Thanks, have read that one


----------



## flosskins (Jan 27, 2010)

I have a stud cat who I was hoping to keep indoors and that worked well for about six months, during which time he sired four litters. He then started spraying everywhere, and it really was everywhere, even on the kitchen side! So I couldn't keep him inside any longer, my other half built him an outside run which is very nice but if I could do it again I would make it larger. It has a high up house, a big scratching post and a 5' tall activity tree but not much free space in it. He was quite happy over the winter as the girls weren't calling they each spent a few weeks outside with him so he wasn't alone. Once the weather improved the girls came back in and he was very shouty on his own so I got him a neutered moggy female to keep him company but they hate each other! So I am trying to rehome her and have got him an older neutered male to see if he prefers him. They haven't met yet but I am hopeful as the older male has lived with other males all his life. I loved having my boy in the house and having him outside makes me so sad as I miss him and I think he's unhappy.
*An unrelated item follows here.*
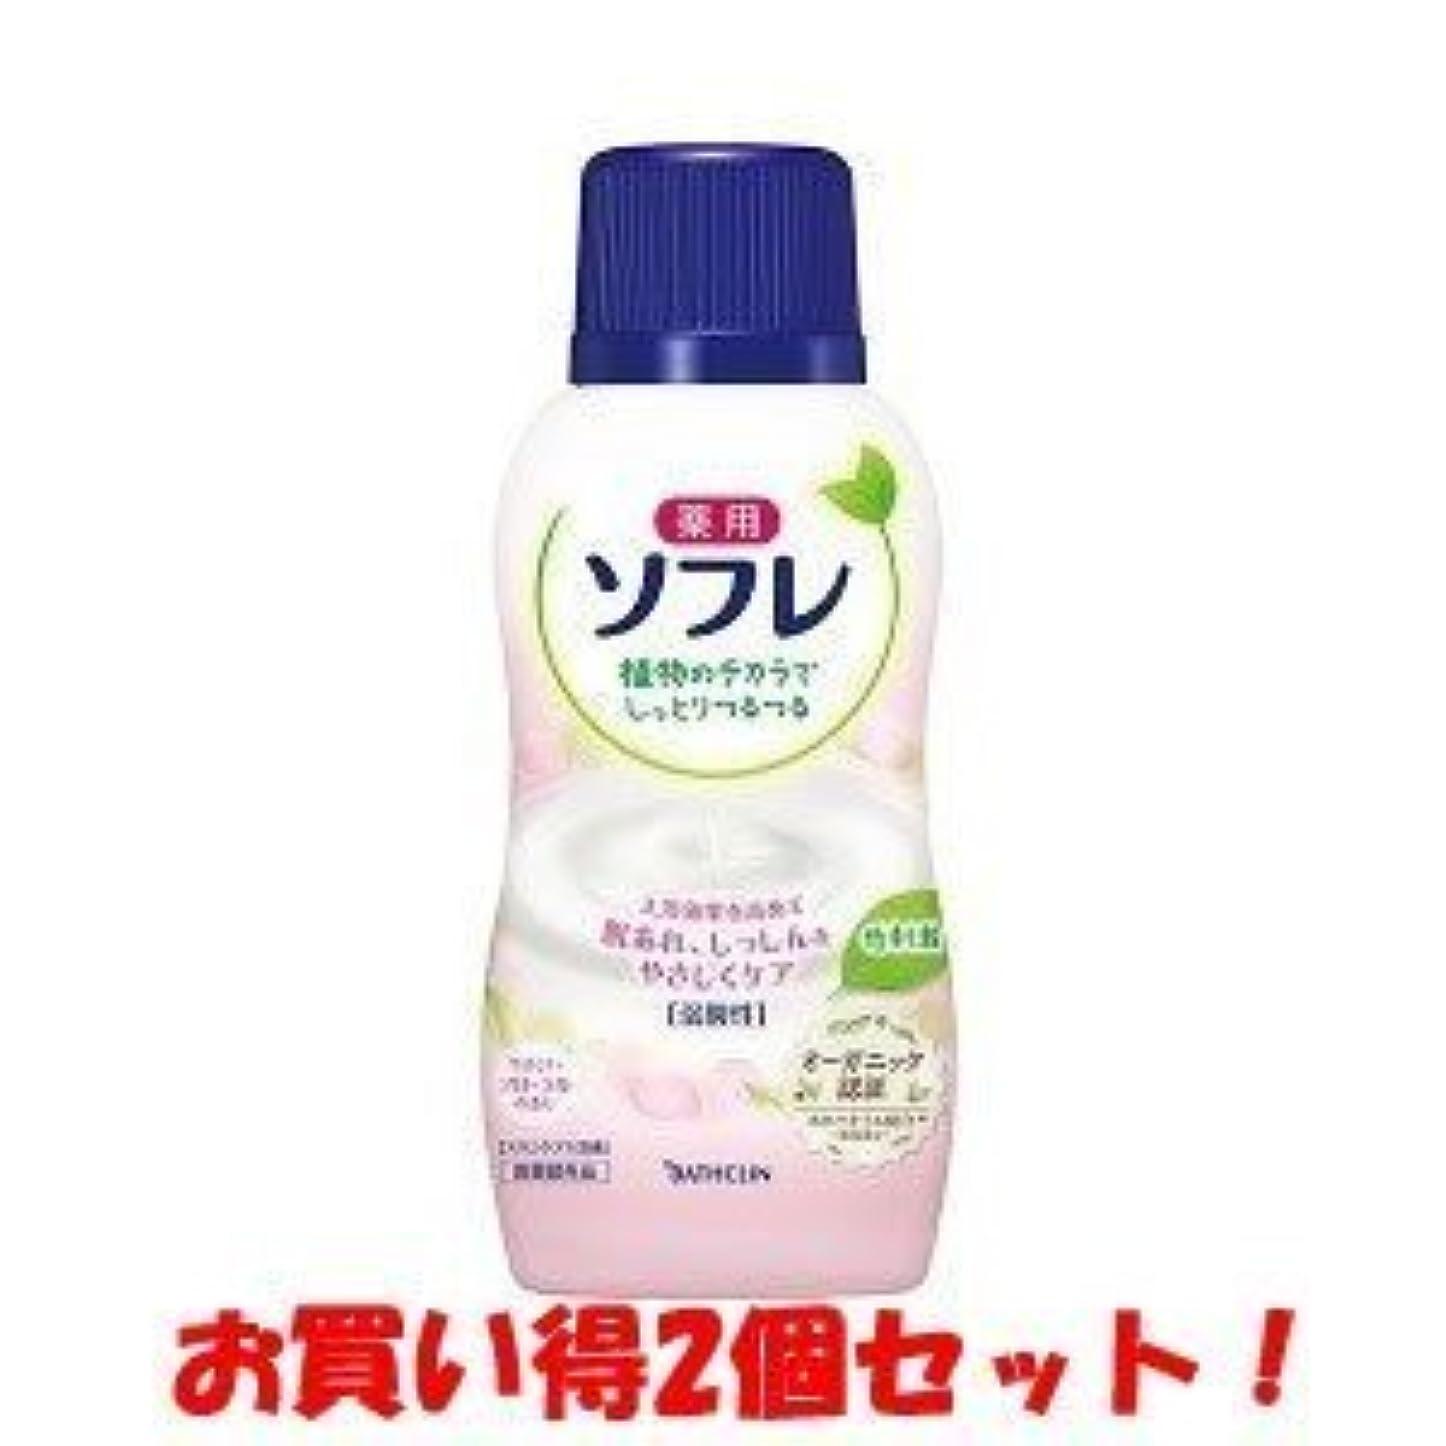 部族母性親密な(バスクリン)薬用ソフレ スキンケア入浴液 やさしいフローラル香り 720ml(医薬部外品)(お買い得2個セット)
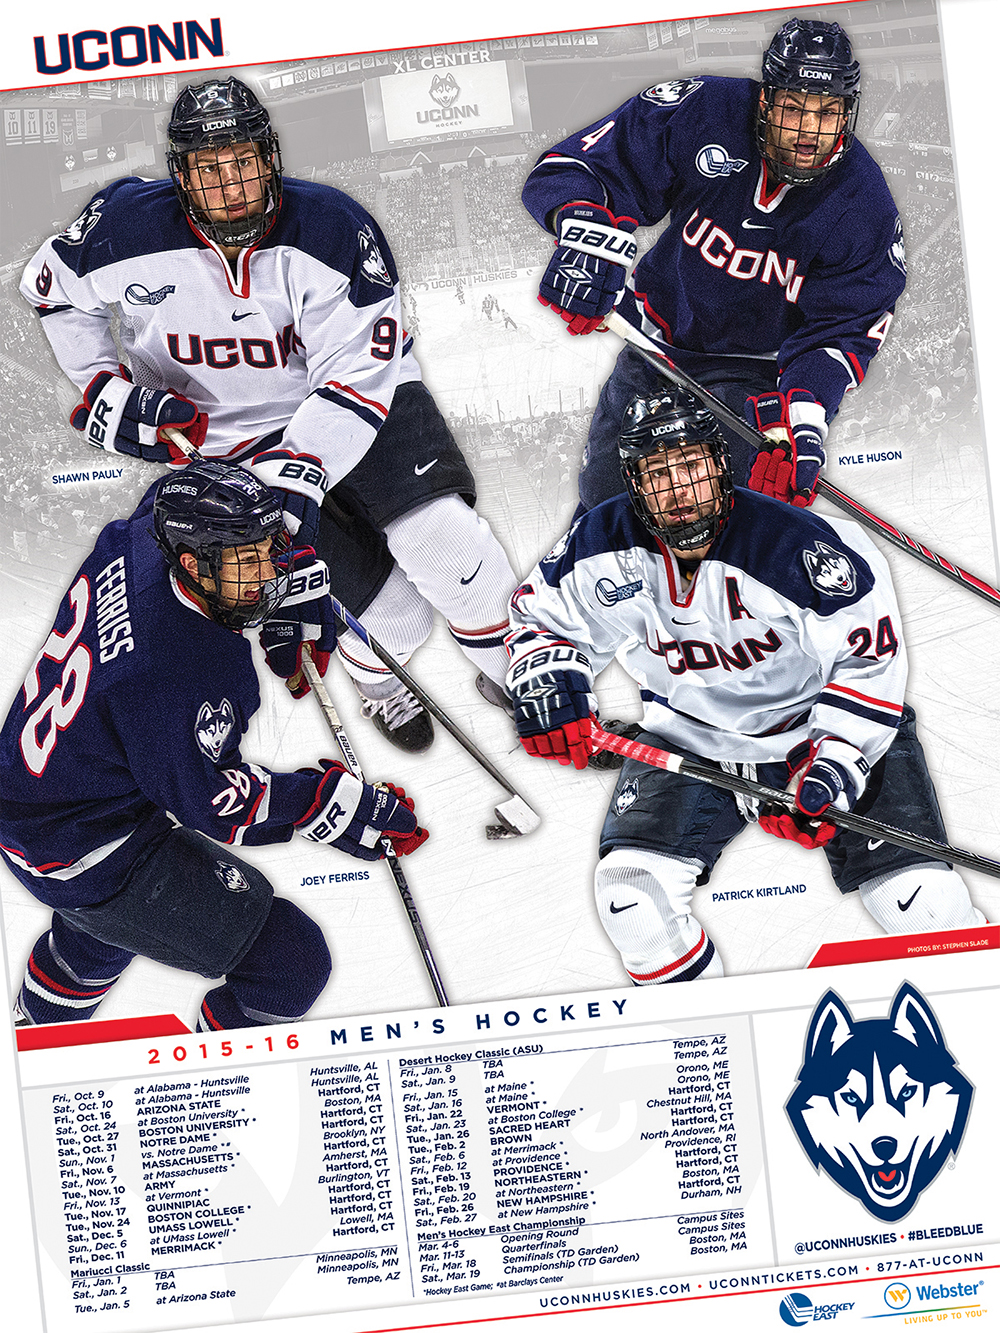 UCONN_2015_Hockey_Poster.jpg

He has a harness so he can explore the garden on nice days but he does stand at the cage door and shout at the house a lot of the time. The problem is with the girls calling in the house they're all he wants, we can go out and spend time with him and although we keep his interest for about 5 minutes he's then shouting at the wire again. I'm glad we have him but I can't say for definite he has the best life possible, but I'm working on it.


----------



## wicket (Aug 22, 2012)

flosskins said:


> I have a stud cat who I was hoping to keep indoors and that worked well for about six months, during which time he sired four litters. He then started spraying everywhere, and it really was everywhere, even on the kitchen side! So I couldn't keep him inside any longer, my other half built him an outside run which is very nice but if I could do it again I would make it larger. It has a high up house, a big scratching post and a 5' tall activity tree but not much free space in it. He was quite happy over the winter as the girls weren't calling they each spent a few weeks outside with him so he wasn't alone. Once the weather improved the girls came back in and he was very shouty on his own so I got him a neutered moggy female to keep him company but they hate each other! So I am trying to rehome her and have got him an older neutered male to see if he prefers him. They haven't met yet but I am hopeful as the older male has lived with other males all his life. I loved having my boy in the house and having him outside makes me so sad as I miss him and I think he's unhappy. He has a harness so he can explore the garden on nice days but he does stand at the cage door and shout at the house a lot of the time. The problem is with the girls calling in the house they're all he wants, we can go out and spend time with him and although we keep his interest for about 5 minutes he's then shouting at the wire again. I'm glad we have him but I can't say for definite he has the best life possible, but I'm working on it.


Thank you for sharing your experience


----------